Once, long ago, in the depths of my parents’ basement, a great metropolis thrived. It contained all the necessary components of any good town: a police station, a fire station, an airport, a railroad, a parking garage, and a space shuttle that was so close to the rest of the town that had it ever actually launched, the city would have perished in flame (thankfully, the municipality’s space program apparently ran out of funding). There was even a news tower and a mansion complete with connecting secret lair that housed a Batman rip-off vigilante super hero, whose vehicles and special weaponry I took special pride in constructing.
In the winter, cotton would line the streets and sidewalks as artificial snow. When spring returned, the cotton would…melt? The residents of the city would not stand idle for days on end. Every day, they moved about, posed differently than they had been the day before. New buildings grew on the outskirts of the city, causing it to expand constantly.

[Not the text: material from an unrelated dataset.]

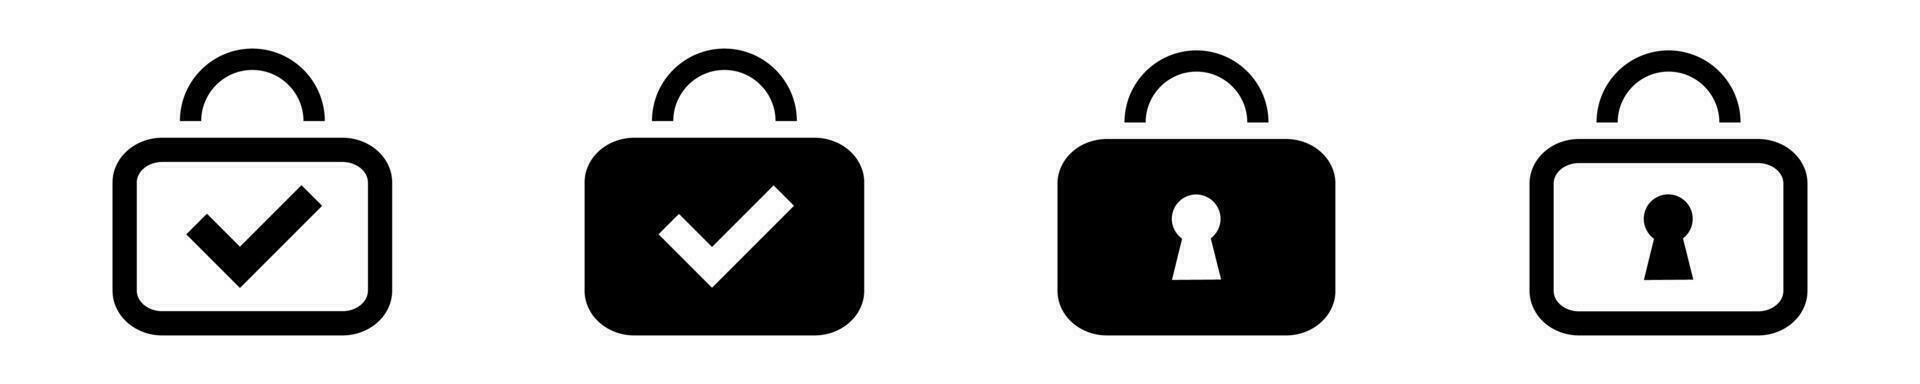 bloquear seguridad vector icono. proteccion símbolo

Then, one day, the city crumbled. Like Atlantis, the great gathering of Lego buildings, vehicles and minifigures simply disappeared. Broken down and disassembled, the bricks from the old Lego republic live on in my sons’ creations, with only the occasional whispered mention that those bricks used to be a part of something bigger. Something important.
And like Atlantis, physical evidence of the city’s existence is impossible to come by. I would have sworn that my father had taken at least a few pictures of the large collection of Lego sets that spanned over two large, otherwise unused dining room tables that had been moved into the basement.
Alas, they do not seem to exist. I suppose that my parents assumed I would achieve something far more impressive at some point during my lifetime than that Lego city and pictures of it were not a priority. I don’t think they expected the Lego city to be my crowning achievement. Other than my wife (who I take credit only for finding, not making) and sons (who I take half, sometime 60% credit for making), I have yet to provide much worthy of photographic documentation. I suppose I’d better pick up that slack.
In a discussion with my father the other day, he mentioned that he discovered the blurred corner of my once great Lego city in the background of an old photograph, over the shoulder of its true subject. While he offered to send it to me so that I could show it to my boys, it felt rather like something that believers in the Loch Ness Monster or Bigfoot might latch on to in a desperate attempt to convince the rest of the world they were not crazy all these years.
I know what I saw!
I told my dad he need not worry about getting me the picture. I remember what it looked like. Plus, I can talk a good game. Probably a much better game than I can build.
Instead of trying to show my boys what I’d built, I’ve decided that their father’s tales of the glory of his old Lego city are probably far more impressive than it ever actually looked anyway. It helps me inspire them to build bigger and better each day so that when they surpass my achievements, I can enjoy living vicariously through them.